This leads to a clarification of the traceability principle: 

"assuming the truth of our best scientific theories, determinism turns out to be false. However, the kinds of indeterminacies these theories posit provide us with no more control over our actions than we would have if determinism were true. Our actions may not result from deterministic causal processes that trace back to factors over which we have no control, but yet there are processes, either deterministic or indeterministic, over which we have no control, that produce our actions, and this is enough to rule out freedom of the sort required for moral responsibility."

Note: I believe Pereboom has since taken an agnostic stance on whether science reveals that our world is indeterministic.

Given confusions surrounding whether determinism is necessary or detrimental to free will, and over whether indeterminism is necessary or detrimental to free will, it might be worth using language of self-determined versus non-self-determined actions. It appears that whether determinism or indeterminism is true, our actions are non-self-determined, and yet our actions must be self-determined for moral responsibility.

The way van Inwagen describes determinism, per Pereboom: "a proposition that expresses the entire state of the universe at some instant in time, in conjunction with the physical laws, entails any proposition that expresses the state of the universe at any other instant."

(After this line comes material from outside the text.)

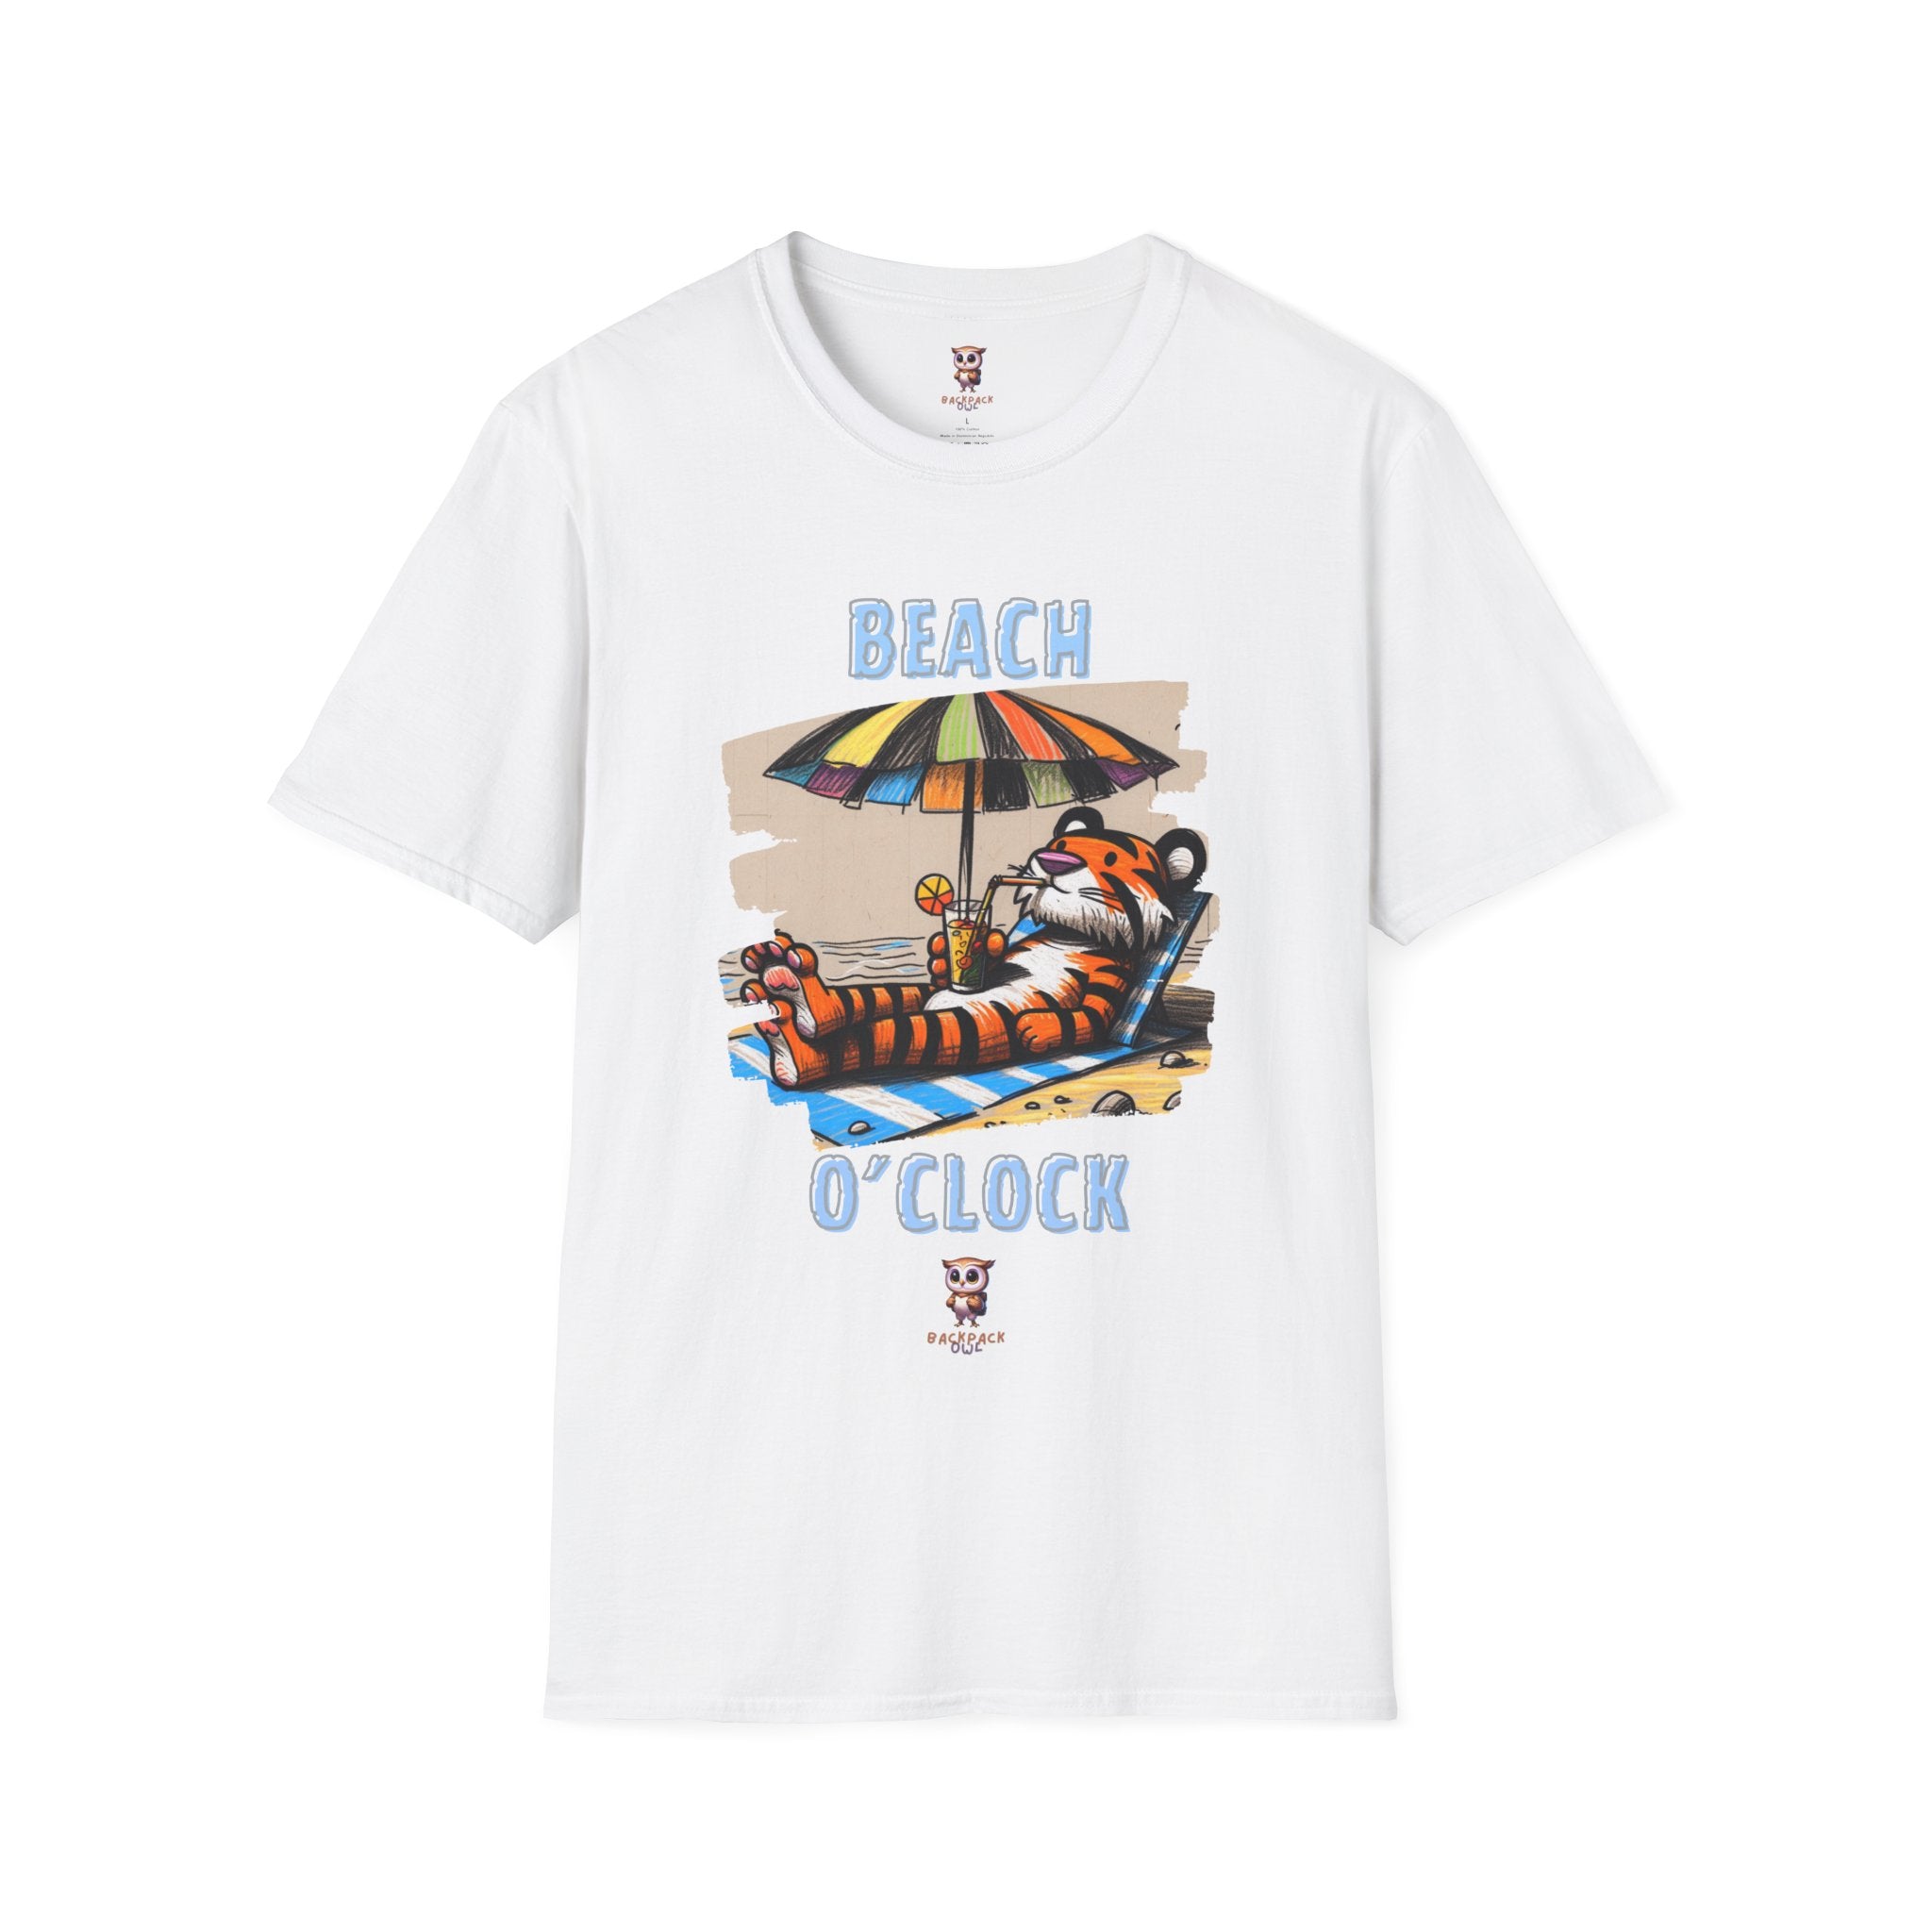 Beach O'Clock - Camiseta unisex de estilo suave

Put another way, if someone had total knowledge of the universe and the laws of nature, they could perfectly predict the future. But if there is objective chance, then such a person (often called Laplace's Demon) would not be able to predict the future. Or, if we have self-determined actions, then Laplace's Demon would not be able to predict the future either, as doing so would require an essential bit of information: the choice of the agent, and the choice of the agent doesn't occur until the present moment.

This leads Pereboom to take on hard incompatibilism (though he doesn't use this term in this paper), which says regardless of whether determinism or indeterminism is true, in both cases our actions are non-self-determined, and thus we do not have moral responsibility.

Part 4: Objection from deliberation

The first objection Pereboom responds to is about deliberation. If we don't have free will, then we "have no reason to attempt to accomplish anything—to try to improve our lives or the prospects of society—because our deliberations and choices could make no difference."

I'd say: But our choices do make a difference, and because we are determined to understand this, we are determined to make the choices we believe to make the best difference.

Pereboom notes that this challenge has been issued to compatibilists as well, and their response—that our deliberations being determined doesn't change their causal efficacy—can be appropriated by the free will skeptic.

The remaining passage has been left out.